Despite the impact of the pandemic in fiscal 2021, the gearing should remain healthy due to Rs 1100 crore equity raise during the fiscal. However, if occupancy continues to be sub-optimal for a prolonged period in fiscal 2022, there could be an impact on the debt profile, with continued cash losses weakening the financial risk profile. Any sustained impact on operations and subsequently on the financial risk profile will remain key monitorables.

 

Weakness

* Exposure to risks inherent in the film exhibition business

Volatility in profitability, inherent in the film exhibition business, will continue to affect operations, though the impact should be cushioned marginally by the large scale of operations and diversified revenue. Multiplex players, given their high fixed costs, should remain dependent on occupancy, which is driven by the success of films (occupancy was 34.9% in fiscal 2020 compared with 36.2% in fiscal 2019). Other forms of entertainment and new content distribution platforms, including over-the-top, will expose the company to challenges of sustaining profitability and growth.

Liquidity: Strong

Liquidity was more than Rs 790 crore as on March 31, 2021, including cash and bank balance, undrawn committed bank lines and other liquid investments. The company has debt obligation of around Rs 300 crore payable in fiscal 2022. Therefore, while the company has sufficient liquidity to manage cash loss and debt obligation, turnaround in operations along with the ability to curtail operating costs while maintaining healthy liquidity amid fresh restrictions over operations will be a key monitorable.

Outlook Negative

CRISIL Ratings believe there could be weakening of the company’s credit profile over the next 3-4 months if local restrictions hinder opening of operations pan-India or occupancy remains subdued despite resumption of operations.
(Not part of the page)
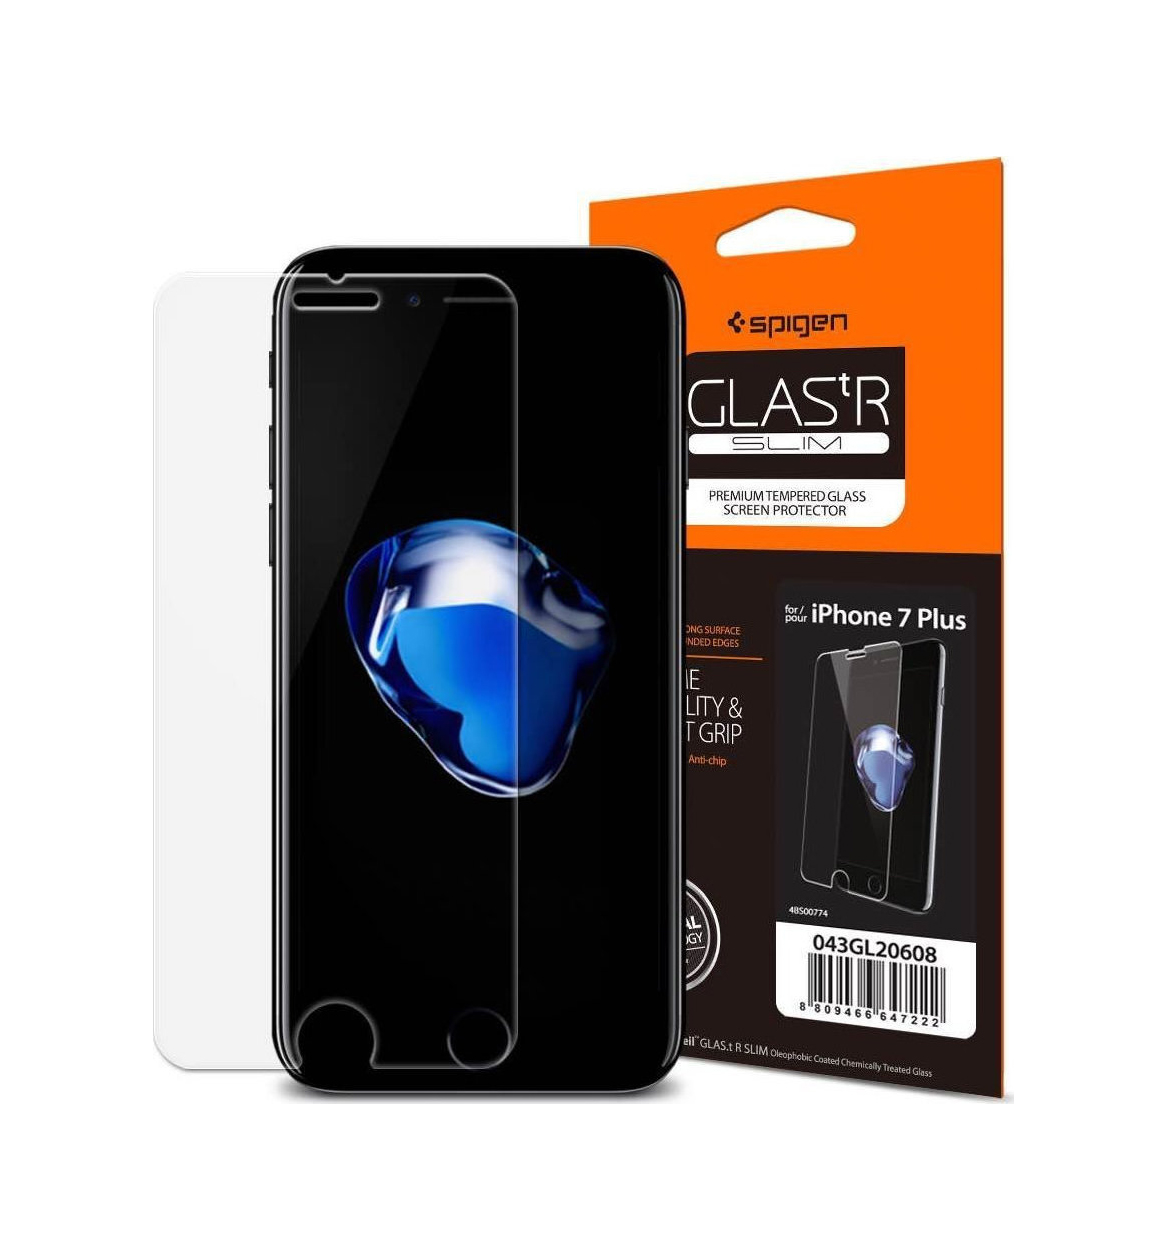 Spigen Glas.tr Slim Tempered Glass 1τμχ iPhone 8 Plus / 7 Plus 043GL20608

Rating Sensitivity factors

Upward factors

  • Significant reduction in debt and improvement in cash accrual, restricting the net debt to EBITDA ratio to below 1 time
  • Improvement in the revenue resulting in EBITDA margin (ex-Ind AS-116 adjustment) sustaining above 20%

 

Downward factors

  • Continued restrictions for more than 3-4 months and lower-than-expected ramp-up in occupancy post lifting, resulting in higher-than-expected cash loss
  • Weakening of the capital structure, with the net debt to EBITDA ratio sustaining above 2 times

About the Company

PVR was established in 1995 as a 60:40 JV between Priya Exhibitors Pvt Ltd and Village Roadshow Ltd (VRL), a world leader in the multiplex business. In 1995, PVR took a single-screen cinema hall, Anupam, in Saket, Delhi, on lease and converted it into a four-screen multiplex. The hall started operations in 1997 as PVR Anupam and was the first multiscreen cineplex in India. As part of its global business strategy, VRL exited the JV in 2002.

 

In November 2012, PVR acquired Cinemax, strengthening its presence in west India. Cinemax operated in 39 locations with 138 screens. This acquisition made PVR the largest multiplex operator in India. In May 2016, it completed the acquisition of DT Cinemas' 32 screens (29 operational and three upcoming) for a consideration of Rs 433 crore. PVR had raised equity of Rs 350 crore in fiscal 2016 to partly fund the acquisition. The balance was to be funded through debt and internal cash accrual. In January 2017, Warburg Pincus Llc acquired a 14% stake in the company, with 9% from its current shareholders (Multiples Private Equity Fund I Ltd) and 5% from the promoters.

 

Net loss was Rs 459 crore on revenue of Rs 486 crore for the nine months ended December 31, 2020, against net profit of Rs 101 crore on revenue of Rs 2,790 crore in the corresponding period of the previous fiscal.

Key Financial Indicators

As on/for the period ended March 31

 Unit

2020

2019

Operating revenue

Rs.Crore

3,442

3,086

Profit after tax (PAT)

Rs.Crore

131

189

PAT margin

%

3.8

6.1

Adjusted debt/adjusted networth

Times

0.77

1.29

Interest coverage

Times

4.0

4.82

   Note: Financials for FY20 have been adjusted to make it comparable to FY19 and hence these may not match with the company-reported numbers.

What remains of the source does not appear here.